Your task:
In the records below, the relevant part opens with the line containing "event productions by" and closes with the line containing "1.17ct. marquise diamond J SI2 quality"; print that part exactly and only, without its pictures.

Listed records:

□ □ □ □ □ □ □

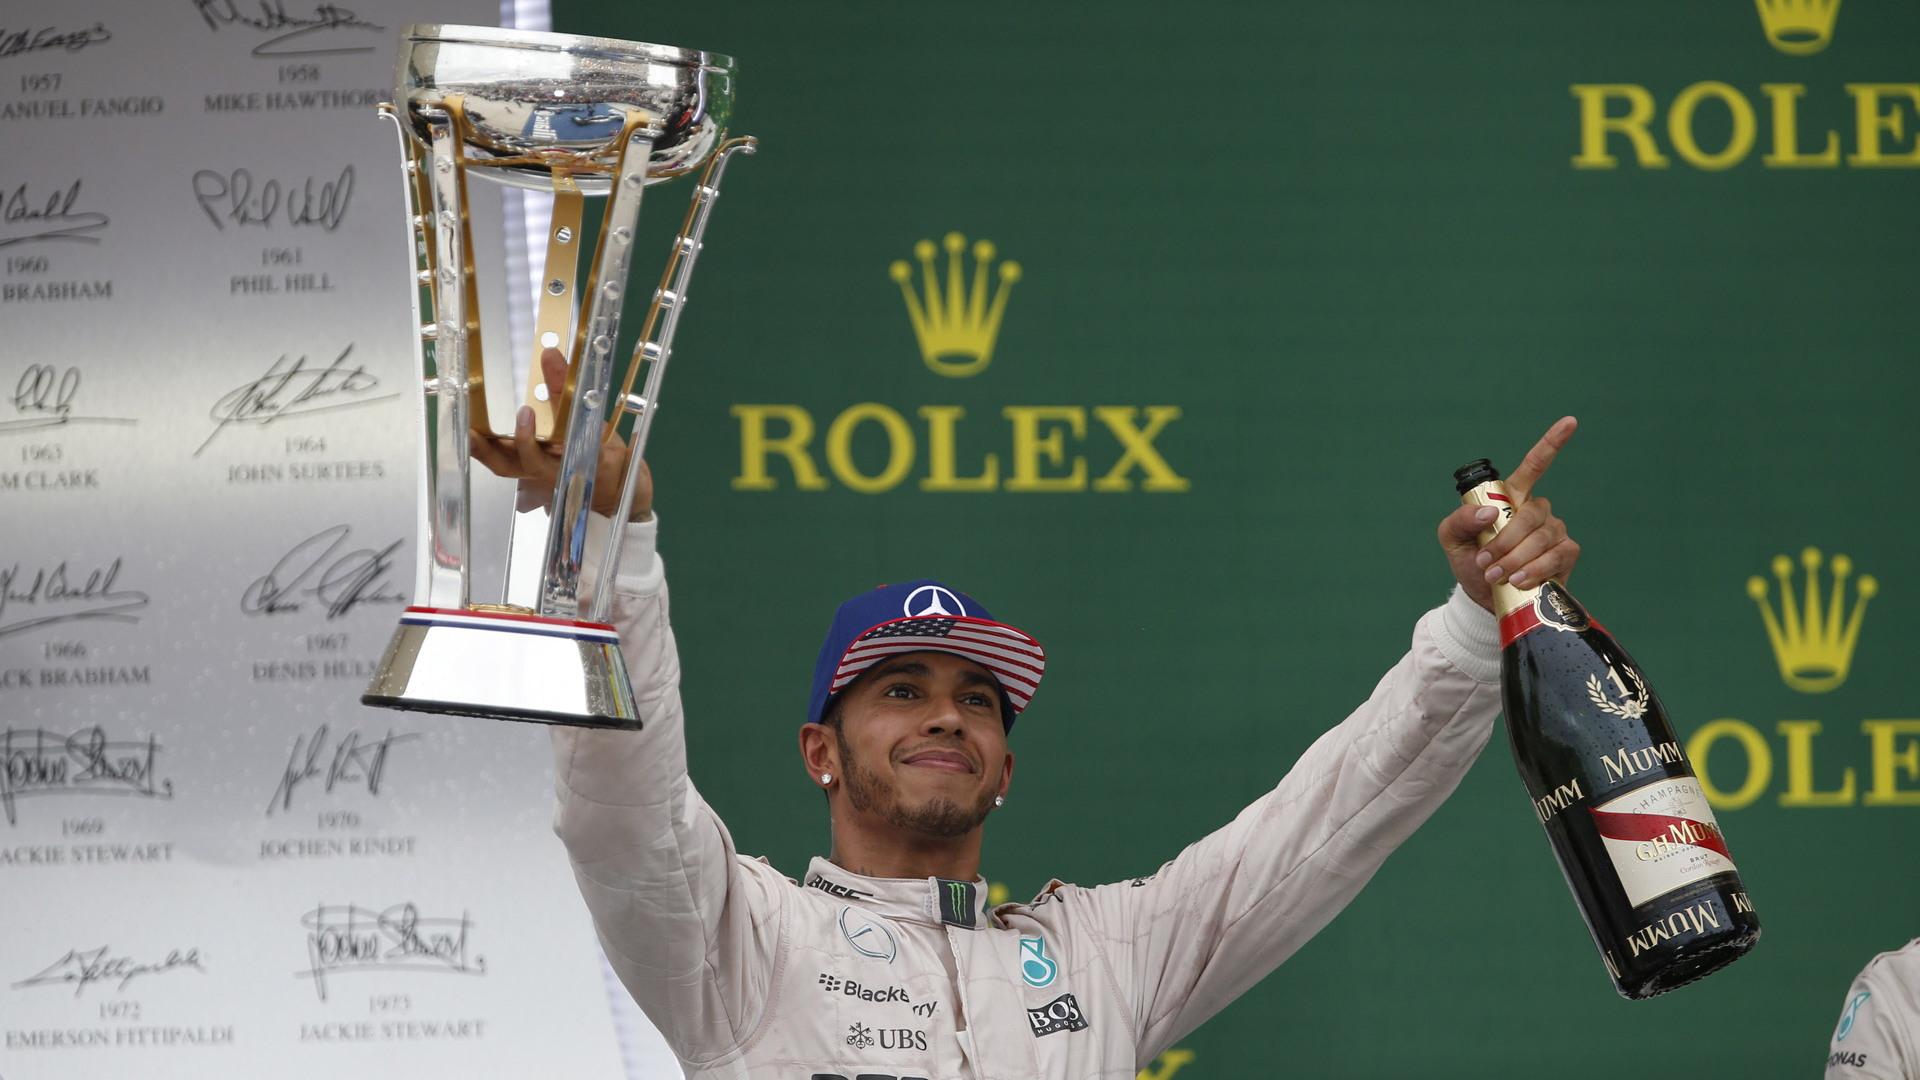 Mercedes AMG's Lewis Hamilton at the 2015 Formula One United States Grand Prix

□ □ □ □ □ □ □

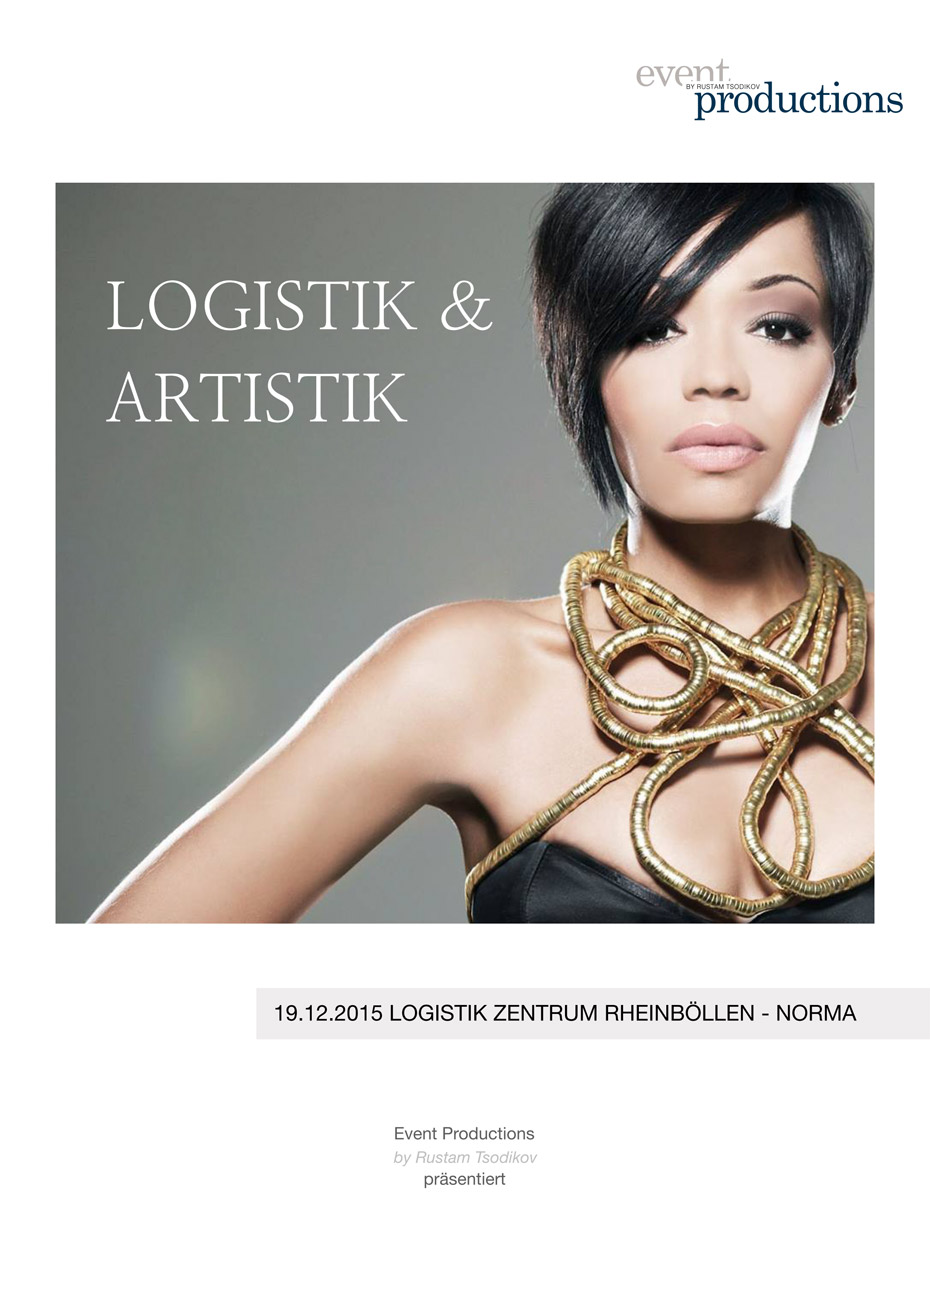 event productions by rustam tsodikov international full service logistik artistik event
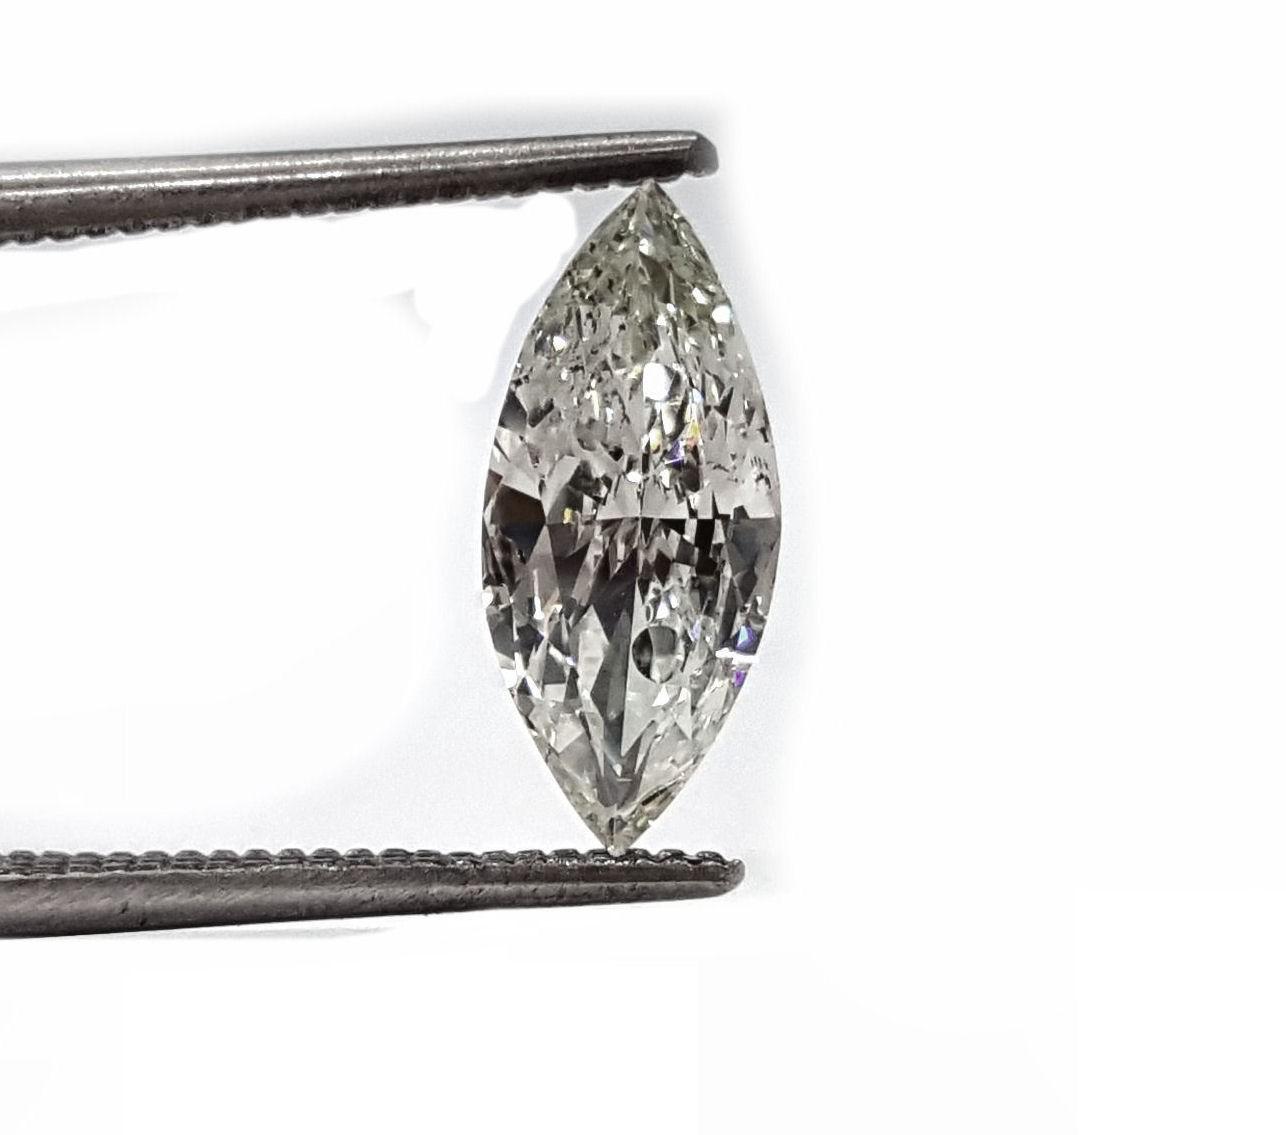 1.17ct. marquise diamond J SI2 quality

□ □ □ □ □ □ □

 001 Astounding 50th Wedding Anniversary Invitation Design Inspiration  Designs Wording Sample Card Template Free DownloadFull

□ □ □ □ □ □ □

Answer to the exercise:
 event productions by rustam tsodikov international full service logistik artistik event
 1.17ct. marquise diamond J SI2 quality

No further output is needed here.